Carefully, using a spatula (not a mixer!), combine the whipped whites with the yolks. Mix with upward movements, lightly, so that the whites retain their airiness.

Add flour mixed with cocoa powder. Mix quickly (about 15 seconds) to prevent any air bubbles from leaving the dough and breaking down.

At the very end, pour in 40 g of melted butter - it should be warm, but not hot (you can melt it in the microwave or in a water bath). Stir again with a spatula until smooth.

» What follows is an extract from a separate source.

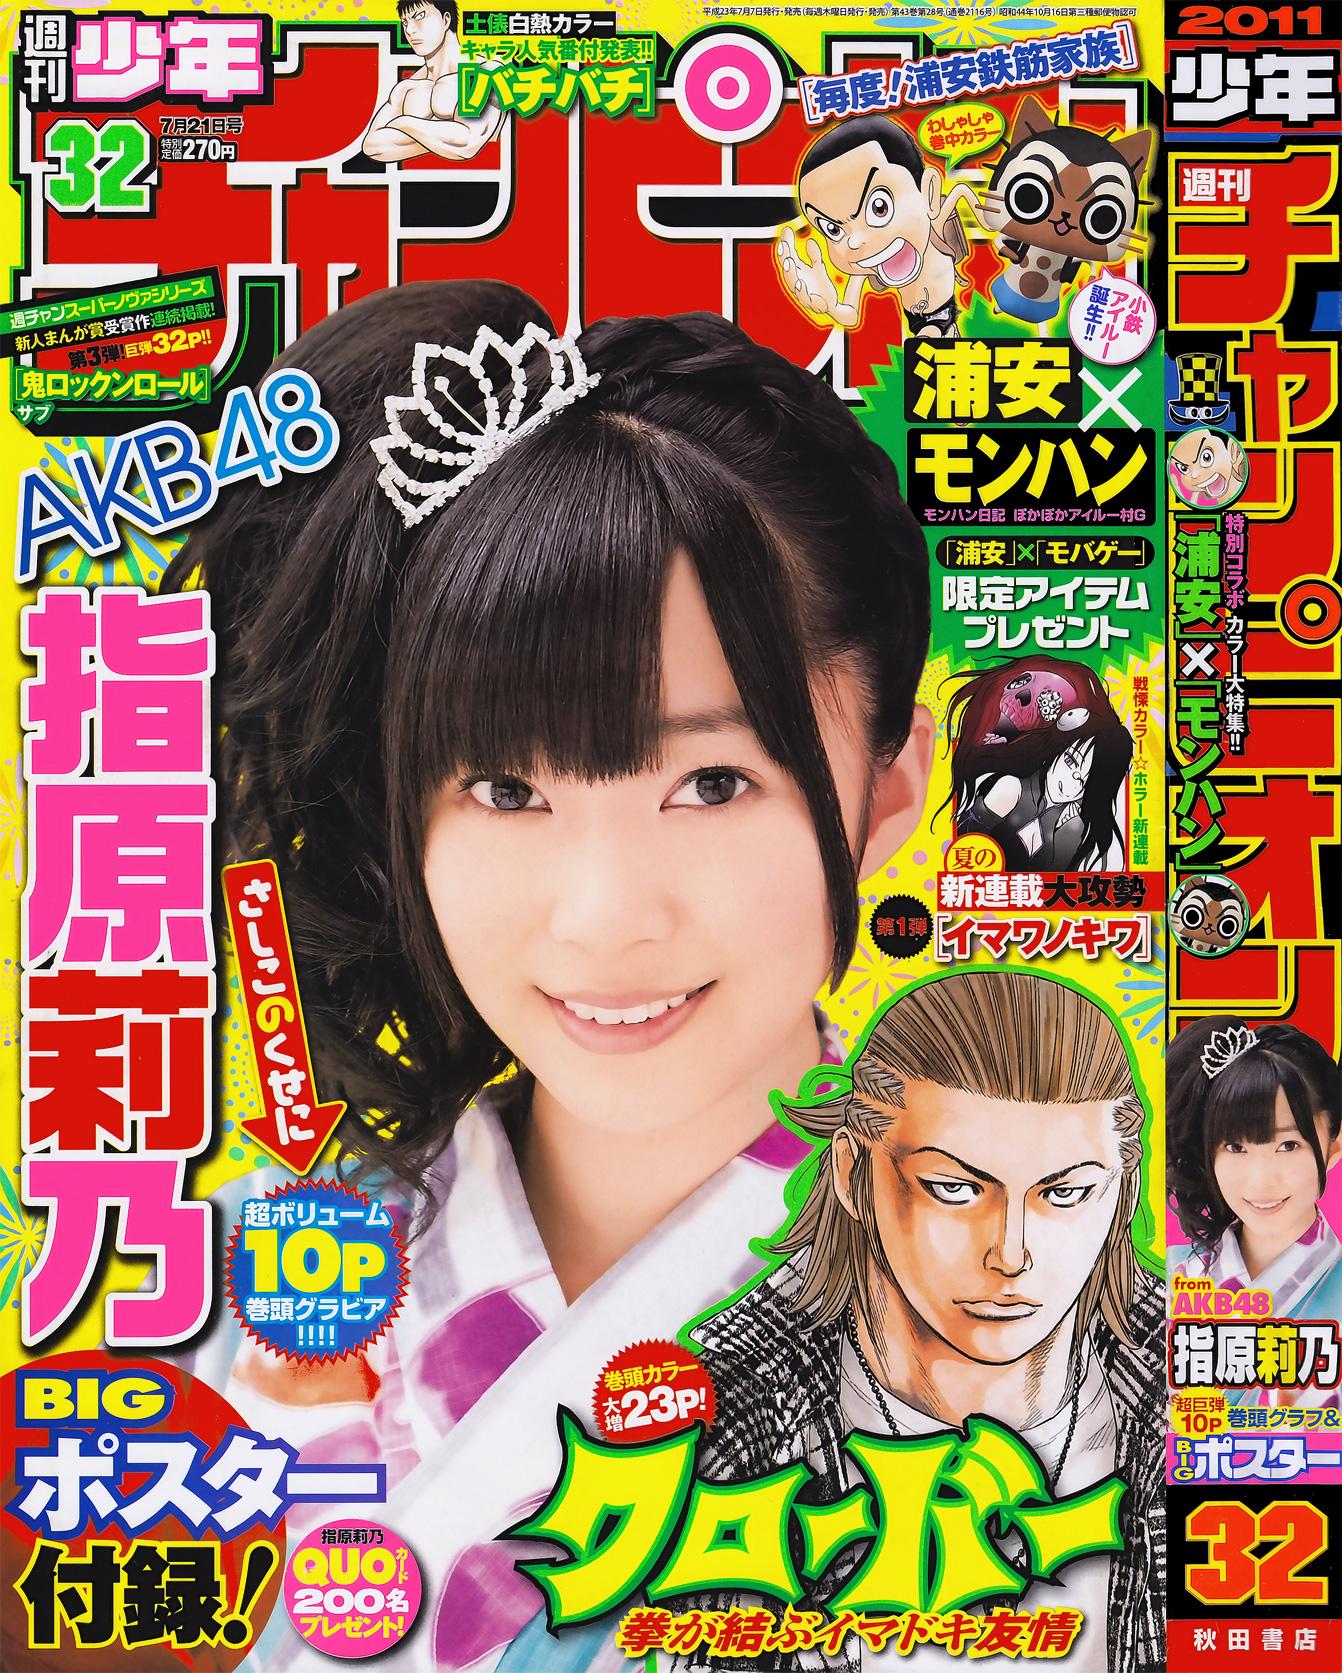 [Shonen Champion] 2011 No.32 Rino Sashihara 指原莉乃 [11P9MB] sexy girls image jav

Carefully pour the biscuit dough into the baking dish. The optimal diameter is 20 cm. It is also advisable to prepare the mold in advance: place parchment on the bottom, grease with a small amount of vegetable oil and dust with flour. Spread the dough with a spatula so that it lies in an even layer.

By this time, the oven should already be preheated to 180-190 degrees. Place the mold on the middle level and bake the sponge cake for 30-40 minutes. Readiness, as usual, is determined by a skewer; it should come out dry. Important! Do not open the oven door for the first 30 minutes to prevent the sponge cake from settling!

Cool the finished biscuit on a wire rack. Once it has cooled completely, wrap it in clean parchment paper or cling film, then put it in the refrigerator for at least 2-3 hours, or even better, overnight - after standing, the sponge cake will become stronger, and the moisture inside will be distributed evenly, it will be juicier .

Cut the cooled sponge cake with cocoa into 2-3 cake layers, soak in syrup with cognac, dessert wine or juice, then brush each with cream and stack on top of each other. Cover the cake with glaze and leave in the refrigerator for a couple of hours to soak and completely harden. Enjoy your tea!